Activity:
Find "ADerogyl - Protégete" in the records that follow; print that line and each subsequent line through the last one, verbatim and with nothing added.

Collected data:
▼▼▼
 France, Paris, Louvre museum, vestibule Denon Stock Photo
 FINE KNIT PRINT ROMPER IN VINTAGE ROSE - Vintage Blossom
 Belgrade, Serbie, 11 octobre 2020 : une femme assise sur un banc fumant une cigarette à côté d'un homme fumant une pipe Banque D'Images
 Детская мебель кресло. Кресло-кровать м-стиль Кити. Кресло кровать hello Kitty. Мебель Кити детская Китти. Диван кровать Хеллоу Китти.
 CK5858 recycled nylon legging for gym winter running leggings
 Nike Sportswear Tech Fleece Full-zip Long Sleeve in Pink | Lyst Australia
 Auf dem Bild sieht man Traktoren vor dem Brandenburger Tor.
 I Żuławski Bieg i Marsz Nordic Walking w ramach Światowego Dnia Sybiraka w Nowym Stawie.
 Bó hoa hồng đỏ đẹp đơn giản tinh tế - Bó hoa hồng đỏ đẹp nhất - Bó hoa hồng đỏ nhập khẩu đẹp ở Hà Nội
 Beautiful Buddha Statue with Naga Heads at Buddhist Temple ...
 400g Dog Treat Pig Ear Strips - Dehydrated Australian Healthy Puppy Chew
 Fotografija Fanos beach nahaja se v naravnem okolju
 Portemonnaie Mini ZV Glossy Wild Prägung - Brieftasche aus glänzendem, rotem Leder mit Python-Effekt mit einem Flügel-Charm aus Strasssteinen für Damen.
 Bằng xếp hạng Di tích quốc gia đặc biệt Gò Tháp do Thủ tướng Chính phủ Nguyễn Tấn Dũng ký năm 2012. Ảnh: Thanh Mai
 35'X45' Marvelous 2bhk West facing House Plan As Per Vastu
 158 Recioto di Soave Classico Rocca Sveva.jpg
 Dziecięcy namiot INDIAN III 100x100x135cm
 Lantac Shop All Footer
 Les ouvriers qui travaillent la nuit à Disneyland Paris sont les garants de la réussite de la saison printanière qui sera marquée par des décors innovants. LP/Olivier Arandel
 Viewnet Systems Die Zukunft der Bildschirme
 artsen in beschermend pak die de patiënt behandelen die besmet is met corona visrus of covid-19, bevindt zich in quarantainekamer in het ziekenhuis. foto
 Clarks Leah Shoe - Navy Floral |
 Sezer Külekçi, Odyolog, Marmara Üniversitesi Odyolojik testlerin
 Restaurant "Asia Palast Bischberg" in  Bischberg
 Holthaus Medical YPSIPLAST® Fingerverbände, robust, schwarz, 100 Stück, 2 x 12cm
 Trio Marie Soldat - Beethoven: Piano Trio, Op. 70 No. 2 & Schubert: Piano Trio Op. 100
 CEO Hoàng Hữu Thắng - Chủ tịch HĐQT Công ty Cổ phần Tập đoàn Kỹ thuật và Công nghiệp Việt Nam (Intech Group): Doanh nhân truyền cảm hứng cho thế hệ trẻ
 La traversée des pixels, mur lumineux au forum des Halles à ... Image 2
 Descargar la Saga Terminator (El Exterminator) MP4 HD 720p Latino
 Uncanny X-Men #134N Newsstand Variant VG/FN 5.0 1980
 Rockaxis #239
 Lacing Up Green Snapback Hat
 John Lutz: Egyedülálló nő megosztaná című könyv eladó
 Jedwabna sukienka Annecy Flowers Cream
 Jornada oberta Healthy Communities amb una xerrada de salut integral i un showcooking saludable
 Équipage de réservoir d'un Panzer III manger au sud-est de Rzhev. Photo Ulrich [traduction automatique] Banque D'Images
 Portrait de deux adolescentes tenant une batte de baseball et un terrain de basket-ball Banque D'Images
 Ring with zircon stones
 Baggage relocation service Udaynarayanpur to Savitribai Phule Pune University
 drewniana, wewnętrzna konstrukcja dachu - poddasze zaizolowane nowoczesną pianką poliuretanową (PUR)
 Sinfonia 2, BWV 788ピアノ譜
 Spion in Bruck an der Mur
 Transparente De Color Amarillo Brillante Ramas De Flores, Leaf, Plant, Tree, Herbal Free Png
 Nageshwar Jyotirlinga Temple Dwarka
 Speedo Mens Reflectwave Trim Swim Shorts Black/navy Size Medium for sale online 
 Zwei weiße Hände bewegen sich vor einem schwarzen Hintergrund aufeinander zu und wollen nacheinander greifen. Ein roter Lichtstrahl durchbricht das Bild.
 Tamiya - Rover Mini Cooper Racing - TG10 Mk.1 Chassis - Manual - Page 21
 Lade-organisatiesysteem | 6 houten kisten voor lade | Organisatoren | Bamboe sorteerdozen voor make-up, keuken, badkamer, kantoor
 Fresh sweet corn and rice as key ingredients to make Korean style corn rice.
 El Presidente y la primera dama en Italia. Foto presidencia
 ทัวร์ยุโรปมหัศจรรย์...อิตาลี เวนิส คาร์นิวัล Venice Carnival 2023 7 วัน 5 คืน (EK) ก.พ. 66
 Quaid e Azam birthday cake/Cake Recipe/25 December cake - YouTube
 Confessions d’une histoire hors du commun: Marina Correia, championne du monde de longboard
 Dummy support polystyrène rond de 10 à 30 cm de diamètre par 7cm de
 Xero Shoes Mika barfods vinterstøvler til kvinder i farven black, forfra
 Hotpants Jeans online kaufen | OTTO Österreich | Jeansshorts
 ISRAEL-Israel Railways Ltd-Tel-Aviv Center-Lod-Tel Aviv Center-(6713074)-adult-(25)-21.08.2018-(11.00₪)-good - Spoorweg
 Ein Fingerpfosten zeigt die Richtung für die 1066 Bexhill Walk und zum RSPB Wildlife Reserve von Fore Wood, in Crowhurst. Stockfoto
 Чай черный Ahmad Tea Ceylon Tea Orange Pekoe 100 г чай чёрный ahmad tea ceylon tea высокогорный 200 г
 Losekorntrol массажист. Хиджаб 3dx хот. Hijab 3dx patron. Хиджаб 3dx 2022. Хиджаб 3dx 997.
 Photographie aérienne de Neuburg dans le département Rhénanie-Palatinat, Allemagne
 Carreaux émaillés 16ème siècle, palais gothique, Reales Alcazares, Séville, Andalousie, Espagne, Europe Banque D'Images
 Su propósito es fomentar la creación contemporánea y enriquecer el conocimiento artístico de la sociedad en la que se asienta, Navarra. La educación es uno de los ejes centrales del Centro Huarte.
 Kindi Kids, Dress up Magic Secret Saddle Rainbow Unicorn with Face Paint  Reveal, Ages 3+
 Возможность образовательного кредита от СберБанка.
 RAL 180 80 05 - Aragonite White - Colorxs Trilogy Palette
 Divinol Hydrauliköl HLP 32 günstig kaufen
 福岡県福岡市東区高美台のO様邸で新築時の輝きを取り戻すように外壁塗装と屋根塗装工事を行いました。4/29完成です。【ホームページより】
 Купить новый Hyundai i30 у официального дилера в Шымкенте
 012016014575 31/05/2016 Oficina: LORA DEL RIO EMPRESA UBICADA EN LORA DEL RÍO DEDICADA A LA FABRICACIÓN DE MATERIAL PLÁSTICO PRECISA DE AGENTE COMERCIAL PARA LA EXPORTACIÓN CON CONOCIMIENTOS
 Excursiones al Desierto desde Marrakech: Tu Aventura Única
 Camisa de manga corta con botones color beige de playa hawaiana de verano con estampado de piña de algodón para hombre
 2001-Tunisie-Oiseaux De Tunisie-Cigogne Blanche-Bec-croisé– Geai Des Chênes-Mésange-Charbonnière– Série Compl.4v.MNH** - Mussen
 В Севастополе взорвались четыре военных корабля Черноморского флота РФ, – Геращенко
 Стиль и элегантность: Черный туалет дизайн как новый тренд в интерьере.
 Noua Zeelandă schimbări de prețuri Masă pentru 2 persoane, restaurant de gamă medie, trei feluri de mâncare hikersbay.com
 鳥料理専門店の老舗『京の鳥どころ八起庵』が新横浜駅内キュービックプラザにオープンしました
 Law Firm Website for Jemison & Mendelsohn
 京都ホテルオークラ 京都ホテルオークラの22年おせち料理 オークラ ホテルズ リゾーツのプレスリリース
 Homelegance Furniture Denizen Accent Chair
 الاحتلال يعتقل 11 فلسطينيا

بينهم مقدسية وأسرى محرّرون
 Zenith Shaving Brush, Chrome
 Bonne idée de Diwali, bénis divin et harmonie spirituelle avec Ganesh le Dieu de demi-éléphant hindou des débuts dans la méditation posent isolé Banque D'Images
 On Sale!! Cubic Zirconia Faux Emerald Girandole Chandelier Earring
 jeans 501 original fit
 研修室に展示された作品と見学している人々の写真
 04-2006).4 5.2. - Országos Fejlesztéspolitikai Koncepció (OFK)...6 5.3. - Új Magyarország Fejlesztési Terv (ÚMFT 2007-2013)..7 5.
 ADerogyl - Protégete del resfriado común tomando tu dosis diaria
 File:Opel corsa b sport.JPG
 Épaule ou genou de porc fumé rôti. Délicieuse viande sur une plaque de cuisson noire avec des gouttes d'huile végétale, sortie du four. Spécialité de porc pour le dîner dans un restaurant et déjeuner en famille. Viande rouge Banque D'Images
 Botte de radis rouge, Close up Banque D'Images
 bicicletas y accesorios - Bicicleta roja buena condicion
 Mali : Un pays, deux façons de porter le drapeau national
▲▲▲
Completed exercise:
 ADerogyl - Protégete del resfriado común tomando tu dosis diaria
 File:Opel corsa b sport.JPG
 Épaule ou genou de porc fumé rôti. Délicieuse viande sur une plaque de cuisson noire avec des gouttes d'huile végétale, sortie du four. Spécialité de porc pour le dîner dans un restaurant et déjeuner en famille. Viande rouge Banque D'Images
 Botte de radis rouge, Close up Banque D'Images
 bicicletas y accesorios - Bicicleta roja buena condicion
 Mali : Un pays, deux façons de porter le drapeau national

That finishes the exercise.